Sondaggi politici 2015: stabile il Pd, continua il crollo di Forza Italia

Nei sondaggi politici Emg cresce ancora la Lega Nord, in risalita anche il Movimento 5 Stelle.

I sondaggi politici hanno ormai registrato gli scossoni seguiti all’elezione del presidente della Repubblica – che hanno riportato il Partito Democratico a crescere nei consensi e hanno accentuato la crisi di Forza Italia – e adesso riprendono a monitorare una situazione che si va di nuovo normalizzando, in attesa che qualche nuovo avvenimento scombini il quadro. Il Partito Democratico arresta infatti la sua crescita, mentre le altre dinamiche di lungo corso che abbiamo osservato in questi mesi riprendono il loro regolare andamento.

Dicevamo del Pd, che dopo un paio di settimane di crescita impetuosa rimane stabile al 37%, livello comunque molto elevato considerando che è ormai un anno che Matteo Renzi è al governo e che il suo esecutivo inizia a subire l’inevitabile logoramento. Perde qualcosa, sempre nel campo del centrosinistra, anche Sel, che cede tre decimali e scivola al 4,1%. Il saliscendi che Sel sta attraversando in questi mesi potrebbe essere causato dalle continue voci sulla nascita di un nuovo soggetto di sinistra, che accendono l’entusiasmo dei tanti che lo attendono per dare vita a una vera opposizione da sinistra a Renzi, ma che poi rientra nel momento in cui il varo del nuovo partito si allontana ancora una volta.

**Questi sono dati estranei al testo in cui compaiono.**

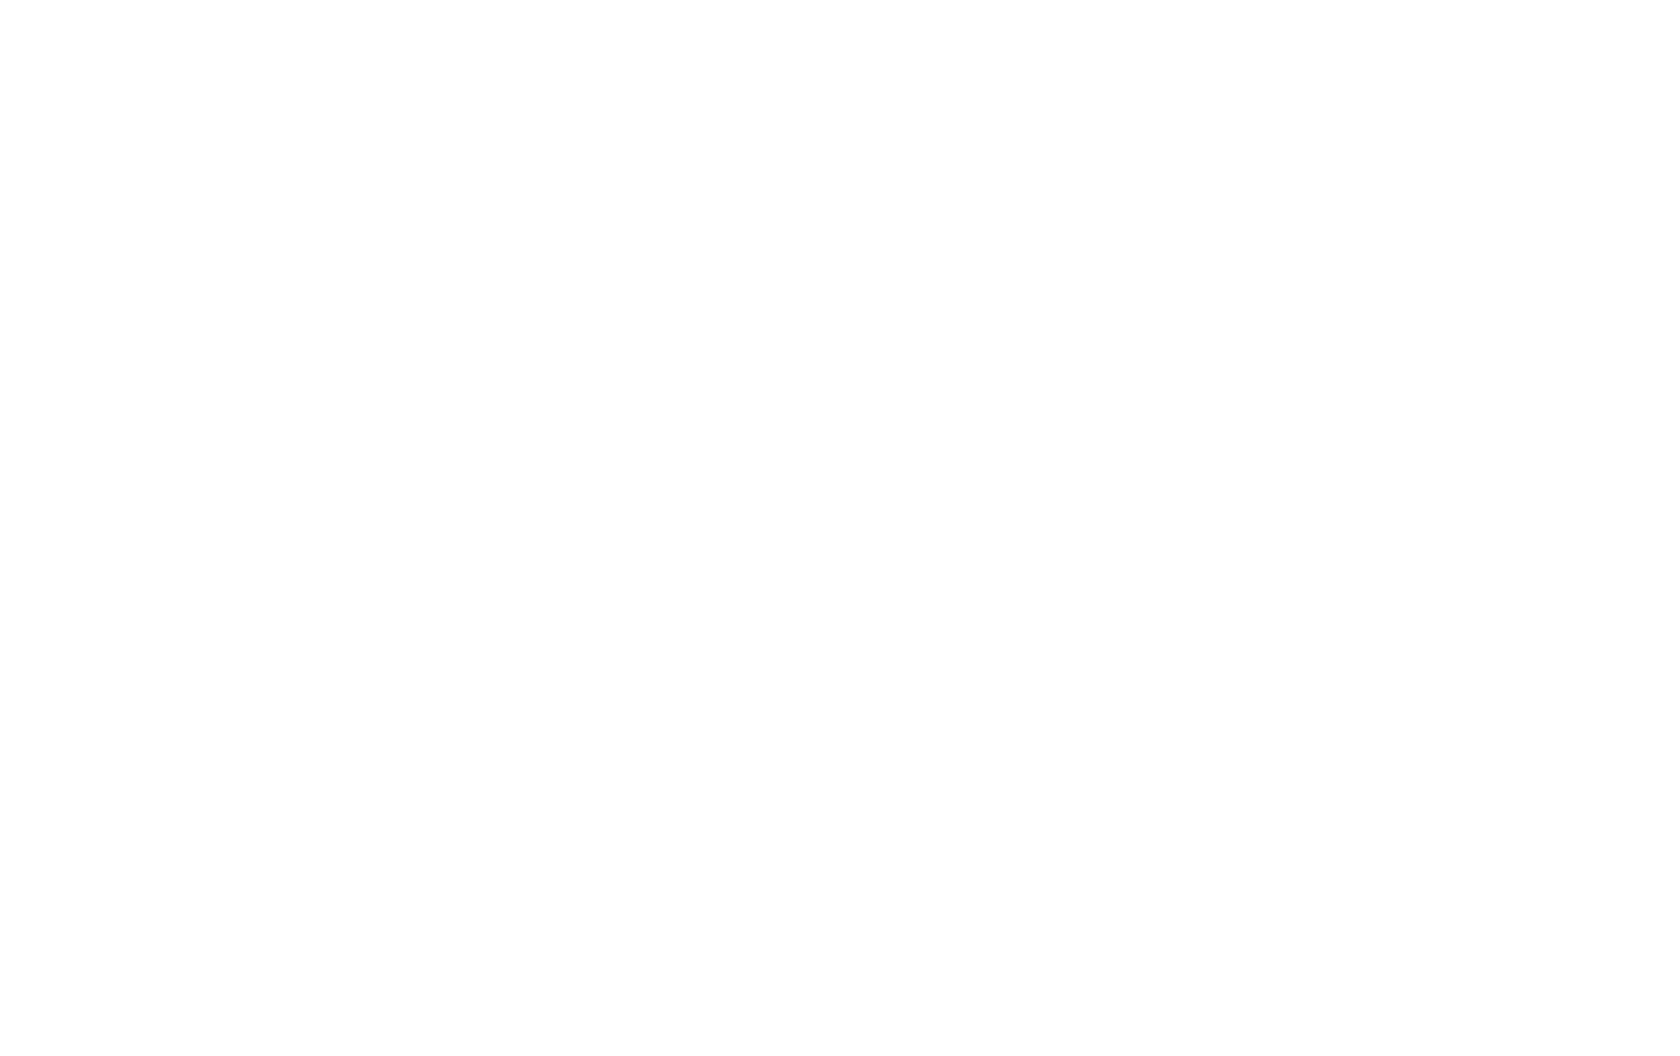 Торцевая заглушка Flexy TOREC LINE 50 для профилей Flexy: размер, вид, применение, способ монтажа в Беларуси (РБ)

Sondaggi politici 17 febbraio 2015

Nel campo del centrodestra invece tutto continua come prima: Forza Italia prosegue la sua discesa che sembra non conoscere fine e la porta sempre più in basso nei consensi. Questa settimana il partito di Silvio Berlusconi raggiunge un nuovo minimo storico: 12%, quattro decimali in meno di settimana scorsa. La Lega Nord non solo ha compiuto il sorpasso, ma si allontana sempre di più, continua a crescere e arriva al 15,5%. In ottica election day, per Berlusconi sarà molto difficile fare a meno del Carroccio, tanto più che l’alleanza tra Ncd e Udc non basta a portarli oltre un misero 3,2% (in calo di mezzo punto). Vanno meglio le cose per Fratelli d’Italia, che sale un po’ e arriva al 3,8%.

E il Movimento 5 Stelle? Continua in un saliscendi che non cambia quella che è la tendenza del partito di Beppe Grillo, che rimane ormai da mesi e mesi stabilmente attorno al 20% dei voti, più o meno i consensi maturati al tempo delle elezioni europee dello scorso anno.